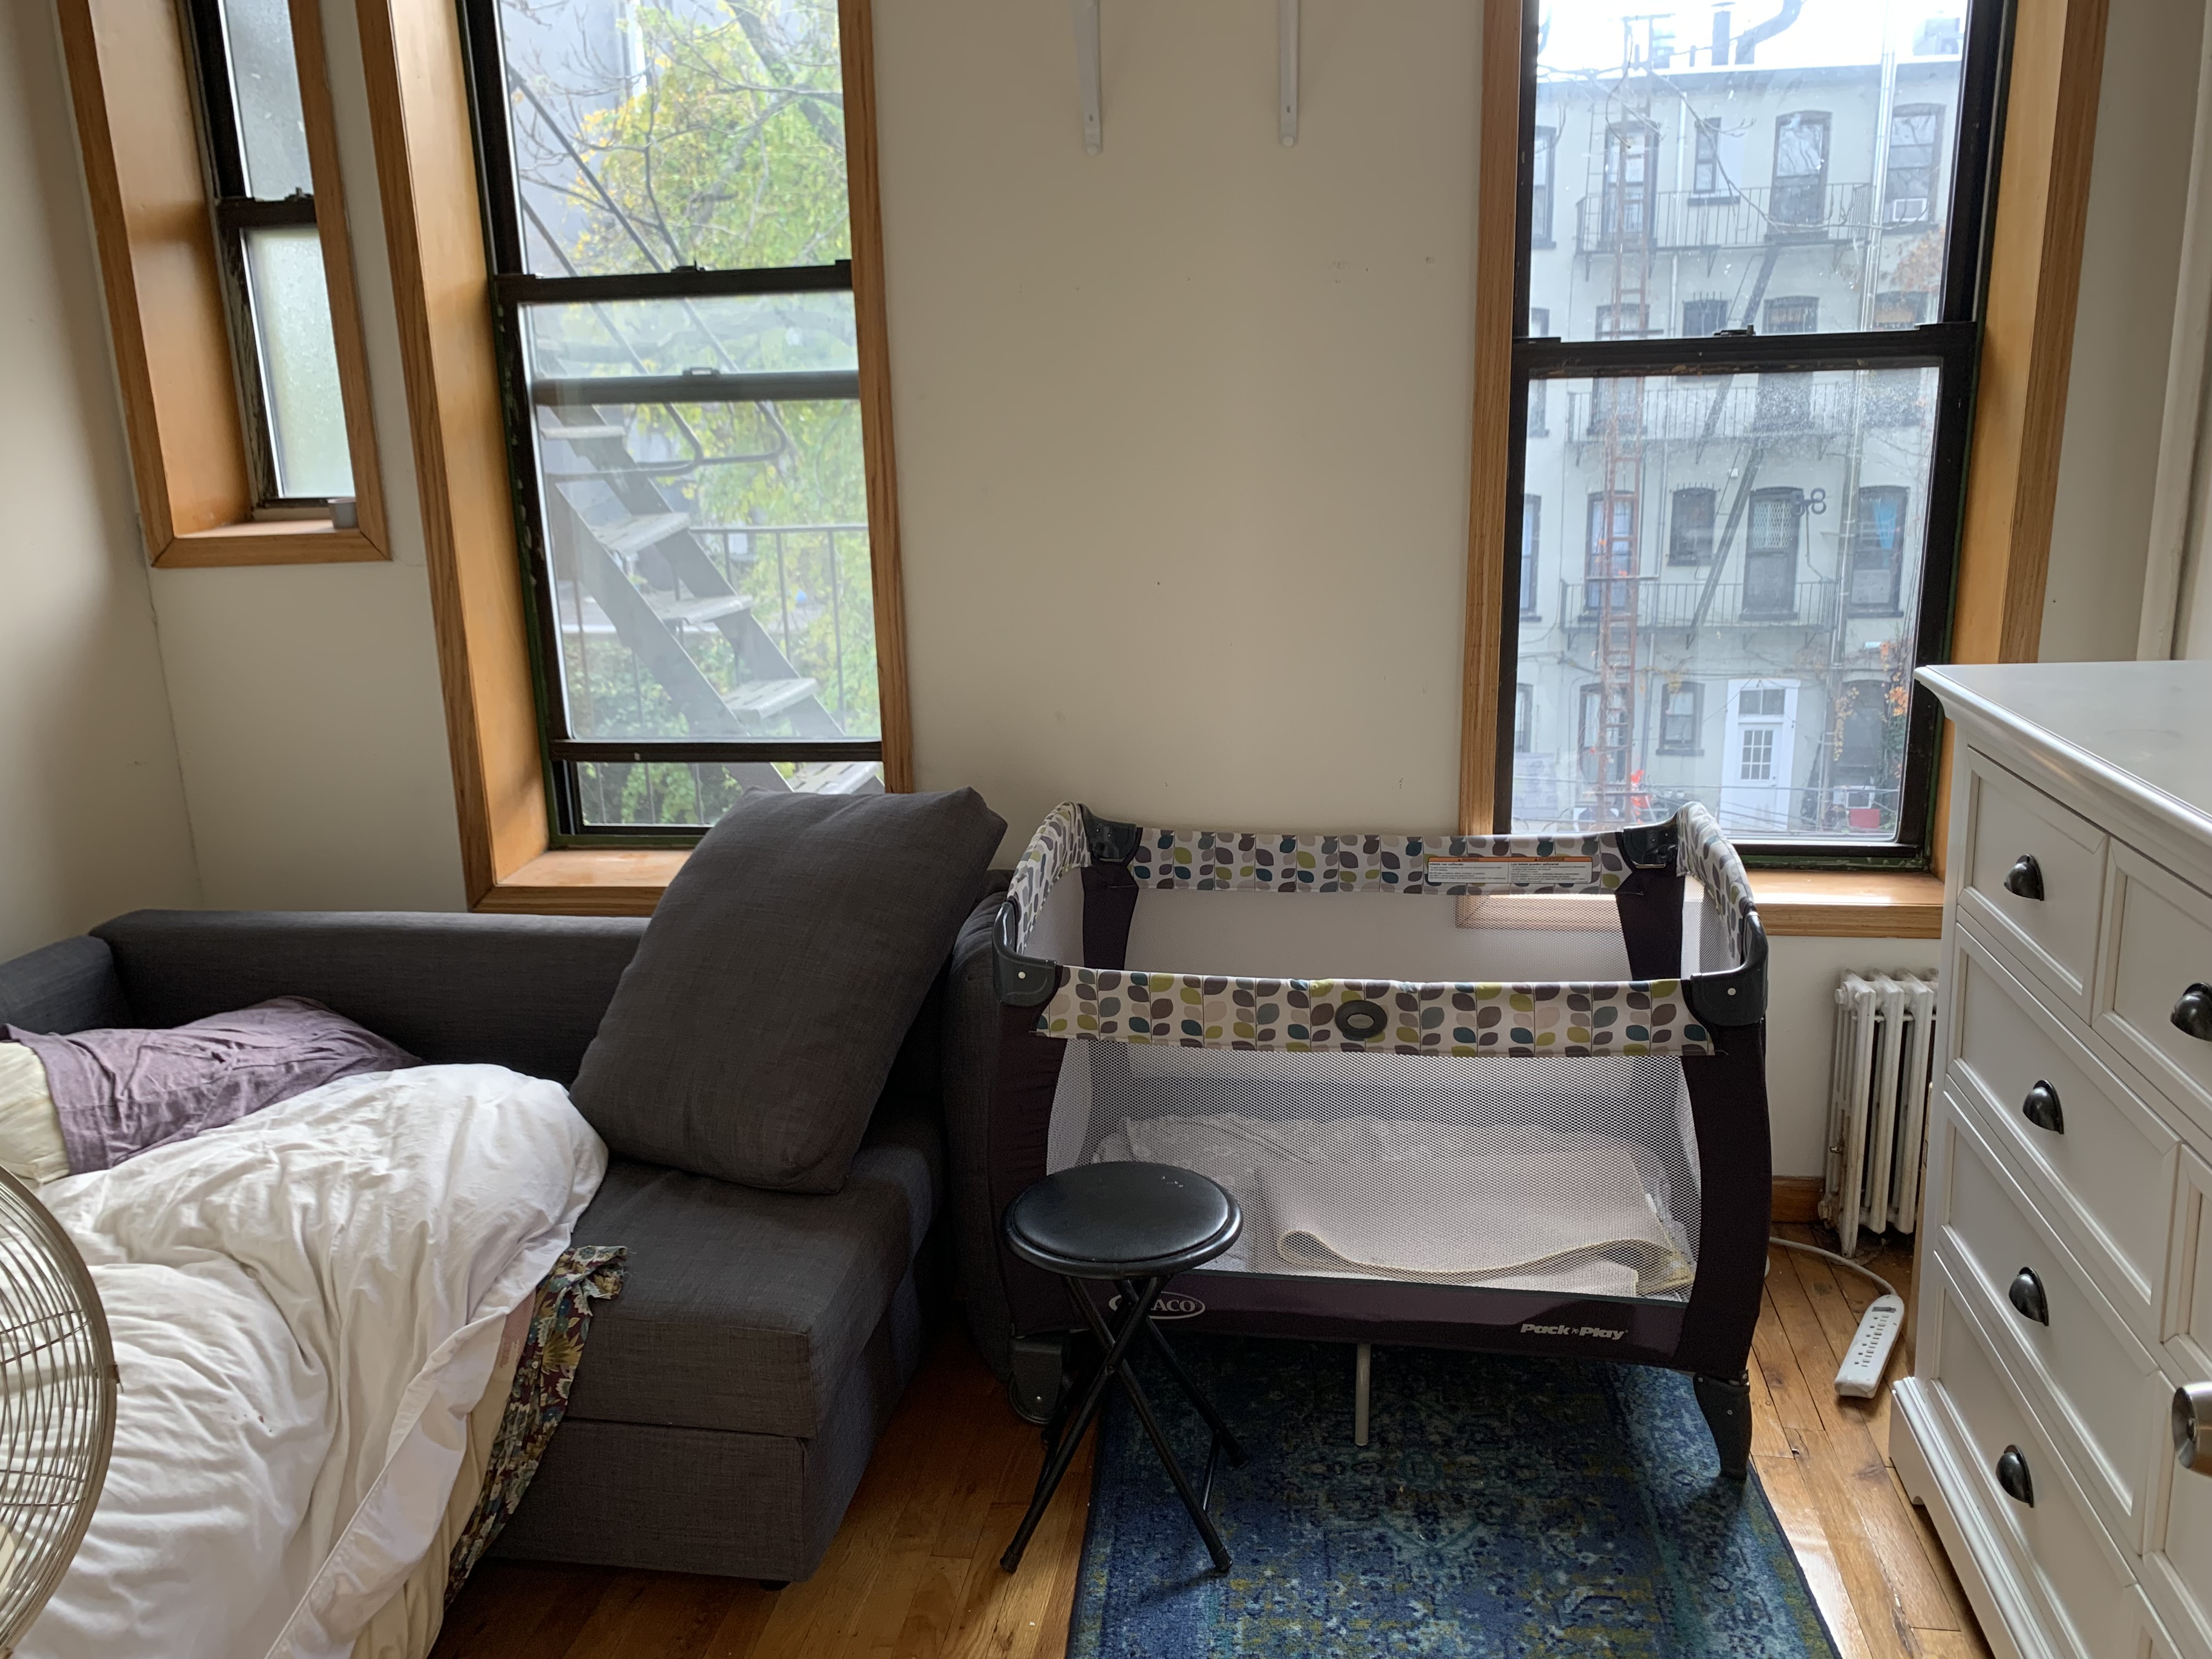 700 sackett St, Brooklyn, NY, 2 Bedrooms Bedrooms, 4 Rooms Rooms,1 BathroomBathrooms,Apartment,For Rent,sackett St,3,1246
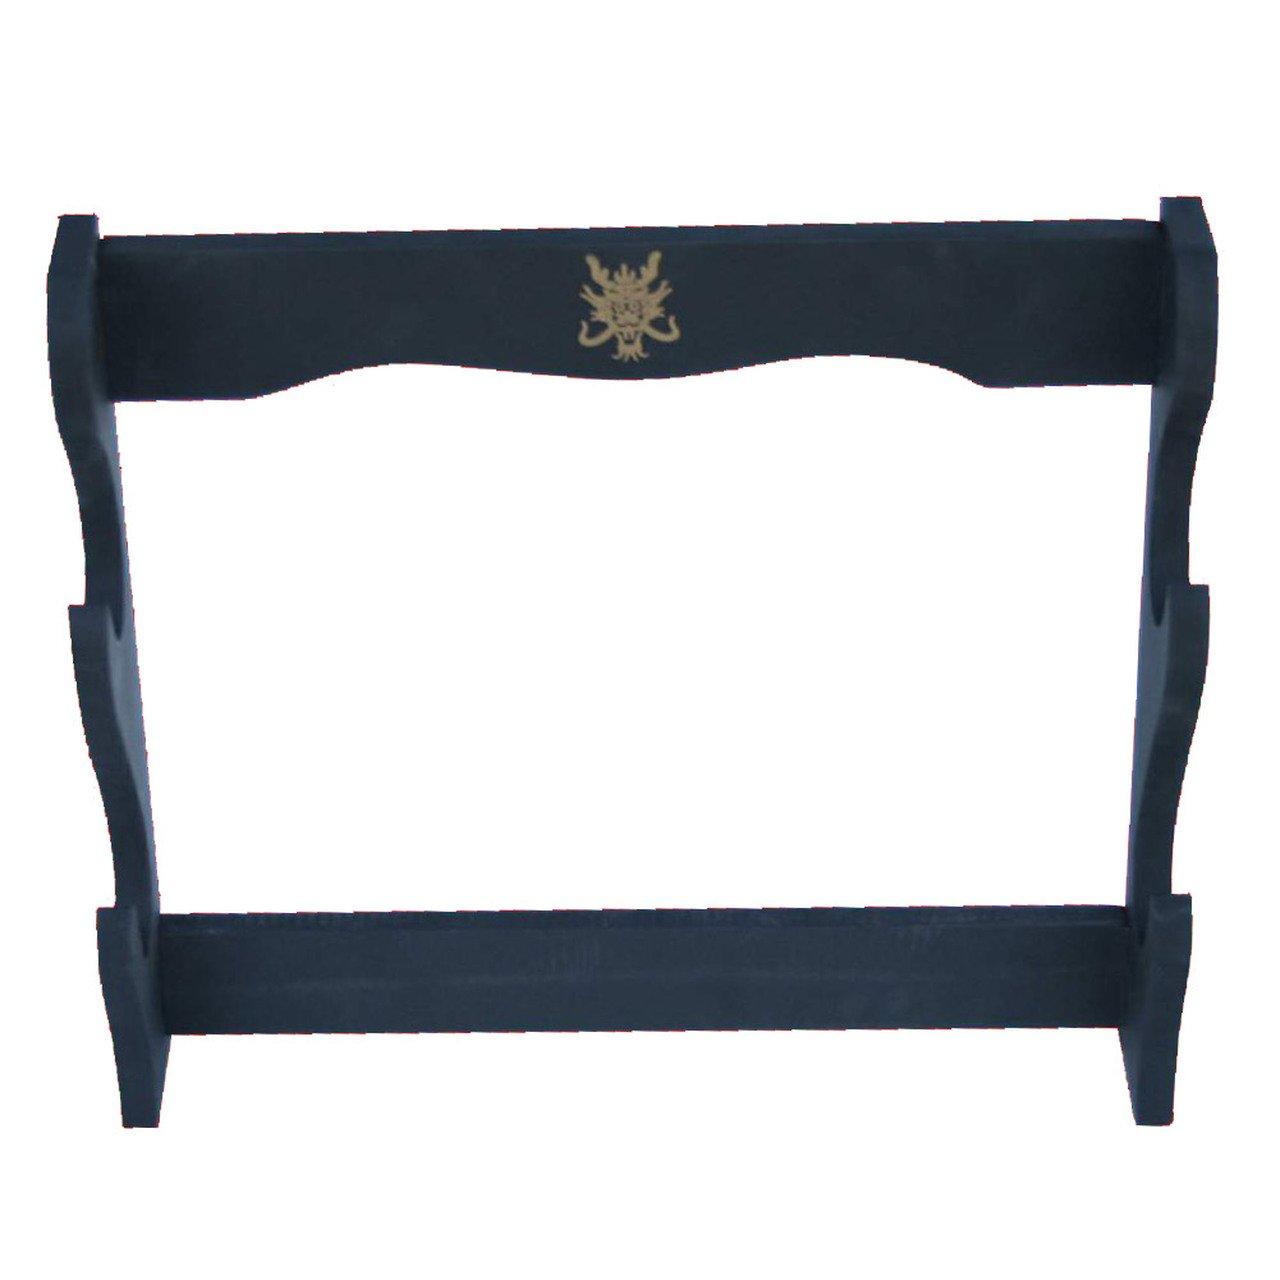 Two Tier Sword Stand Display Dual Purpose-1
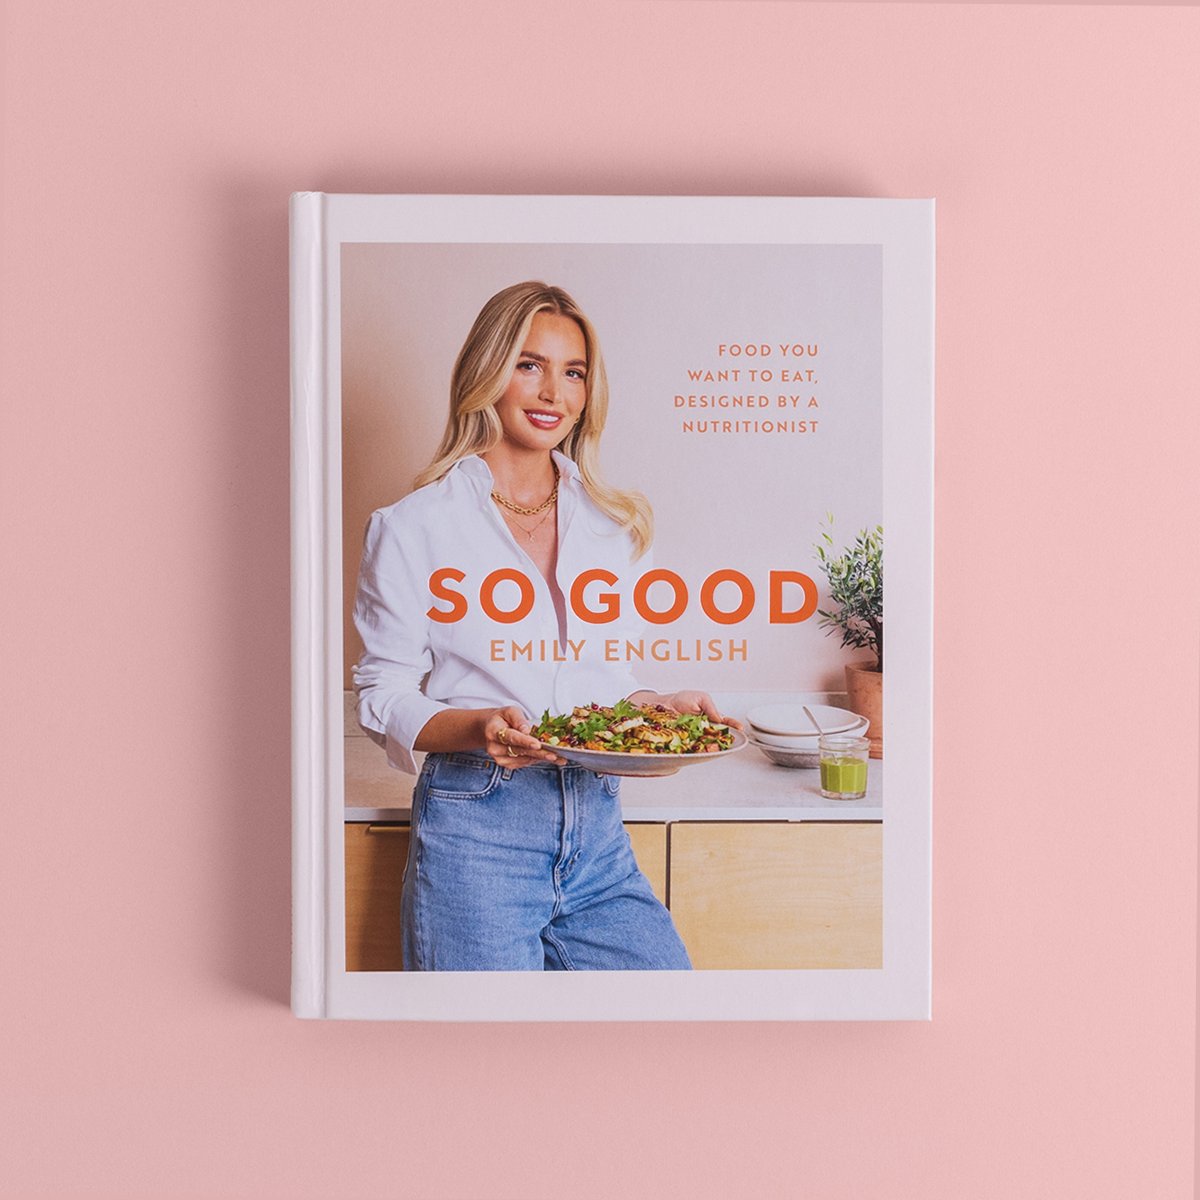 The Number 1 Sunday Times Bestseller From qualified nutritionist Emily English comes SO GOOD, a gorgeous collection of 80 tasty, vibrant and nutritionally balanced recipes to nourish your body and bring you joy with every bite geni.us/SoGoodBook

....

When copying the listing, print each line exactly but leave out every picture.

Exercise response:
 700 sackett St, Brooklyn, NY, 2 Bedrooms Bedrooms, 4 Rooms Rooms,1 BathroomBathrooms,Apartment,For Rent,sackett St,3,1246
 Two Tier Sword Stand Display Dual Purpose-1
 The Number 1 Sunday Times Bestseller From qualified nutritionist Emily English comes SO GOOD, a gorgeous collection of 80 tasty, vibrant and nutritionally balanced recipes to nourish your body and bring you joy with every bite geni.us/SoGoodBook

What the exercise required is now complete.